Unfortunately due to the nature of the data, and the necessity of it being ordered in a consistant manner, CsvSQL cannot sort the data and must run a linear search which will run in O(N) time. It is also necessary to search for all occurances of a value, so the search algorithm used, which for this instance of WHERE would be the singlesearch() subroutine, will continue on to the end of the target array in order to ensure we find all instances of a value. singlesearch() will then return the list of indexes which matched the value being searched for, so CsvSQL will only display those elements which are in the correct indexes of the columns the user is looking for.
If a WHERE with an AND is required CsvSQL will pass the column and value paramaters for each side of the AND through to the multisearch() algorithm. The multisearch() will search through the first column defined by the user input for the values required. These values indices are then recorded in an array, which the multisearch will use as a pre-restricted list through which to search the next user defined column for a particular value. The end result is an array that contains the index values of all "rows" in the hash of arrays where both conditions are met.
If a user requires a WHERE clause with an OR it is necessary to slightly change the approach. In this case CsvSQL will pass the parameters on either side of the OR one after the other. This would result in singlesearch() being called once for the left side of the OR, and once for the right side, with the results of each query stored in in a separate array. Once both searches are done the results of the second search array are appended to the first. CsvSQL will then strip out the duplicates leaving a single array containing the index values of those elements to be displayed.
In order to determine if columns requested by a user as part of the SELECT statement's column list are valid columns it is necessary to ensure that the columns exist. To do so CsvSQL will call the issubsetof() subprocedure. This subprocedure takes two parameters, the first an array containing the columns required, and the second the @keys array which contains the list of all columns. If each element in the array containing required column names is contained in the @keys array then the subprocedure will return true and the column list is valid, otherwise it will return false.
The iselementof() subprocedure works in a similar fashion, albeit a simpler form. This subroutine takes just a single scalar value, and a single array and performs much the same actions, and as such will not be documented here.
In order to search for an element CsvSQL will use the singlesearch() subprocedure. As CsvSQL can use not only the = operator, but also <=, >=, != <, and >, the search needs to take this into account. A singlesearch() will take as it's parameters a column name, an element name, and an operator. The operator will determine in what fashion the search will be conducted. The search itself will iterate through the array indicated by the column name passed to it. singlesearch() will return an array of indices where it has found a match. This search function will run in O(N) time.
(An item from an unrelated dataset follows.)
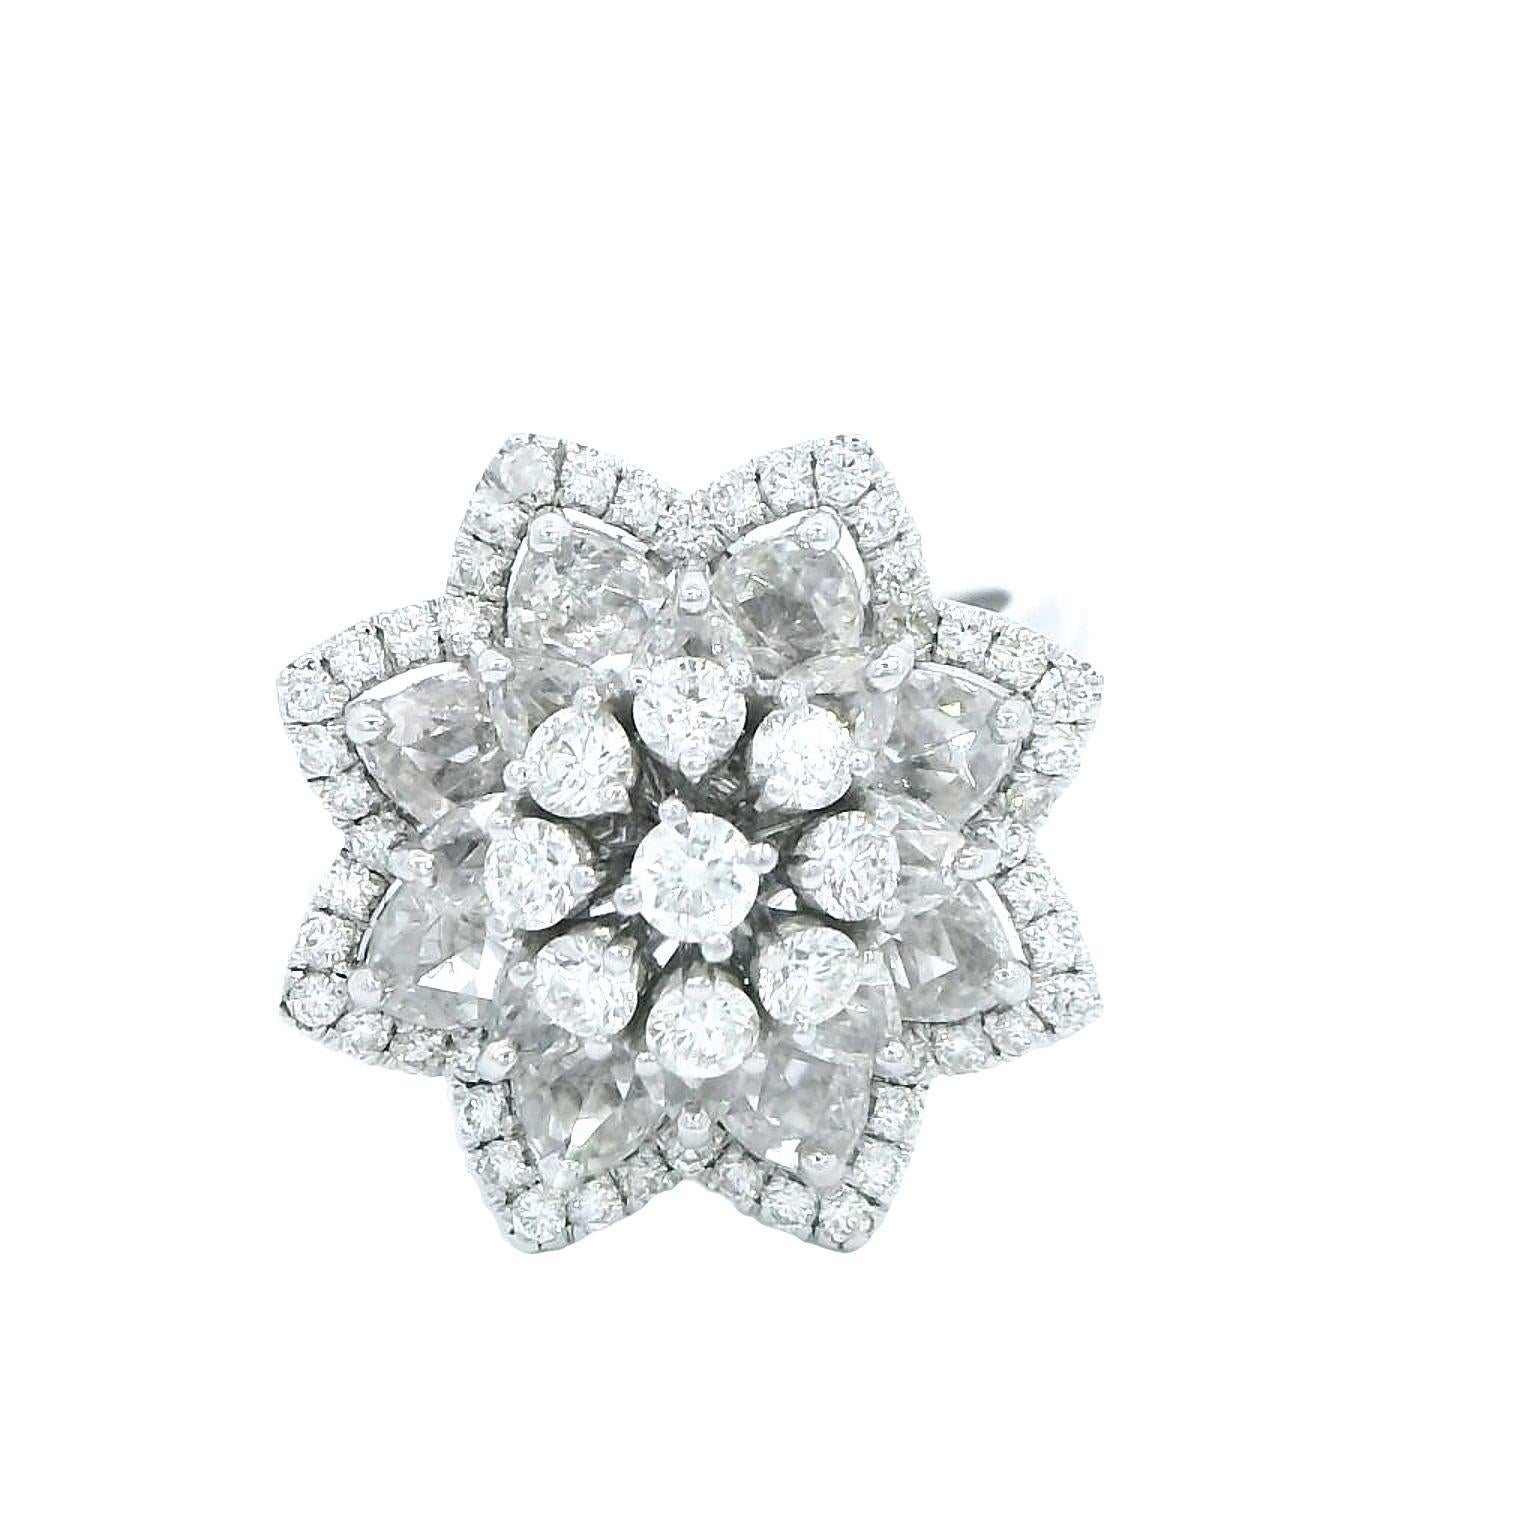 Inspirée par la fleur de lys, cette bague est ornée de sept diamants ronds de taille brillant, centrés dans un arrangement de pétales en diamants de taille rose. Une bague féminine et délicate pour définir la joie d'être une femme, et de la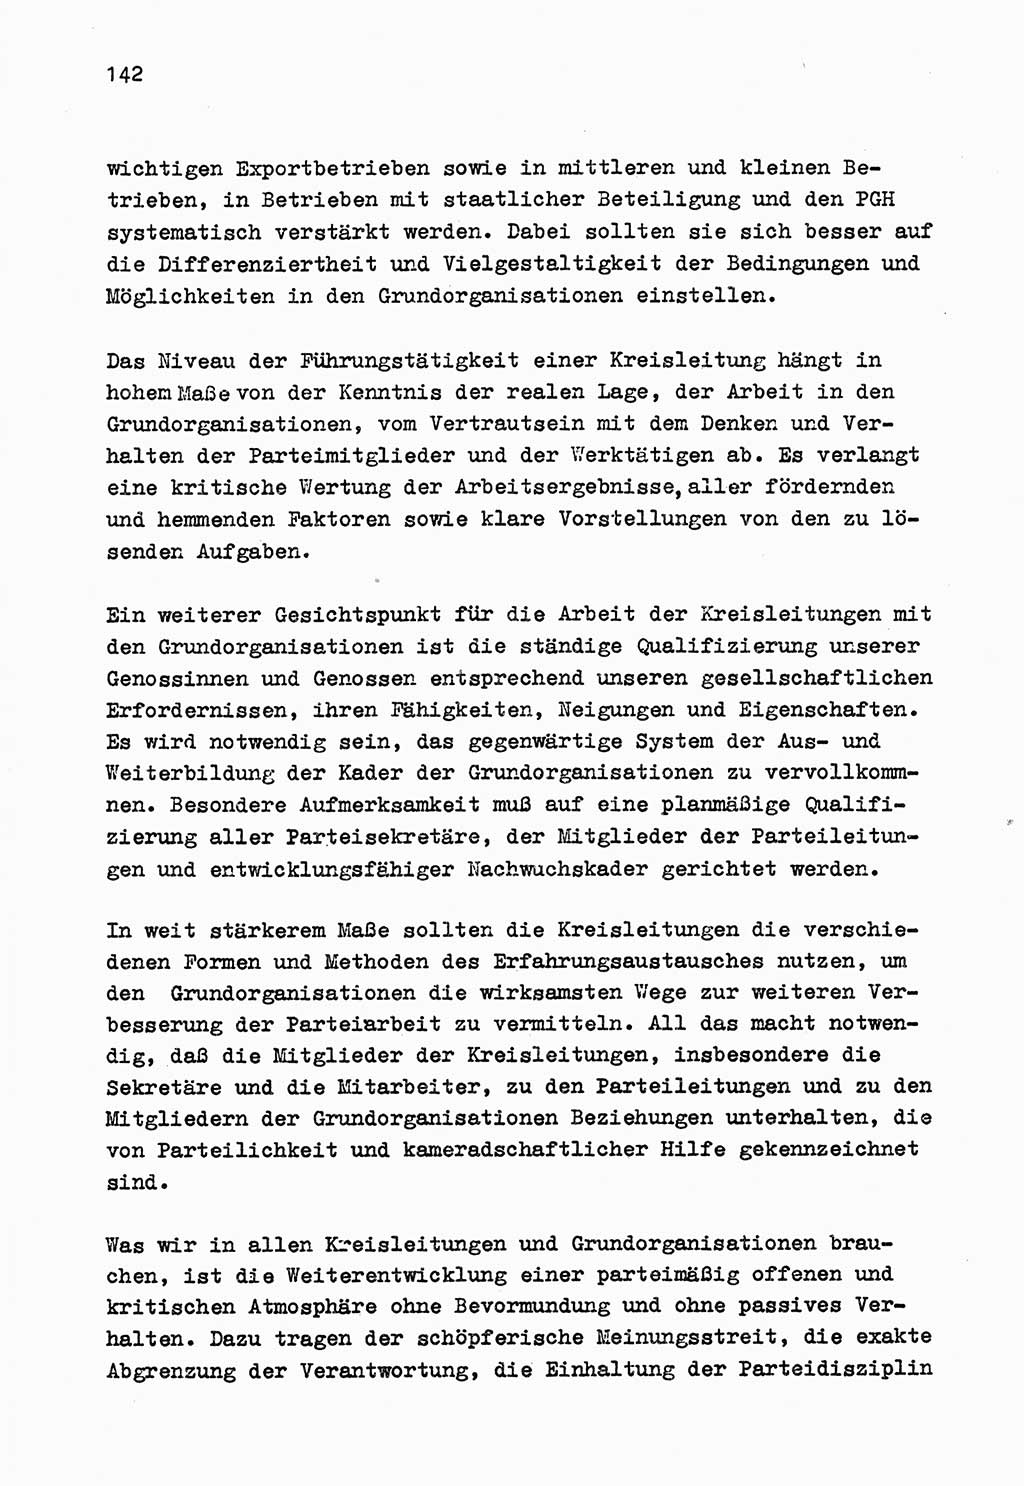 Zu Fragen der Parteiarbeit [Sozialistische Einheitspartei Deutschlands (SED) Deutsche Demokratische Republik (DDR)] 1979, Seite 142 (Fr. PA SED DDR 1979, S. 142)

This is unavoidable as the data needs to be kept in the same order as that in which it was read, and any sort procedure that might be run on the array would have to be undone before the program could continue making void any temporary improvements in speed.
To search for multiple items where an AND parameter has been passed CsvSQL will call the multisearch() subprocedure. multisearch() will take as it's parameters the column names, values, and operators of both sides of the AND parameter. multisearch() will first search for one set of values, much like singlesearch does, and then perform the same actions on the second group of parameters, returning the combined results of the two searches as an array.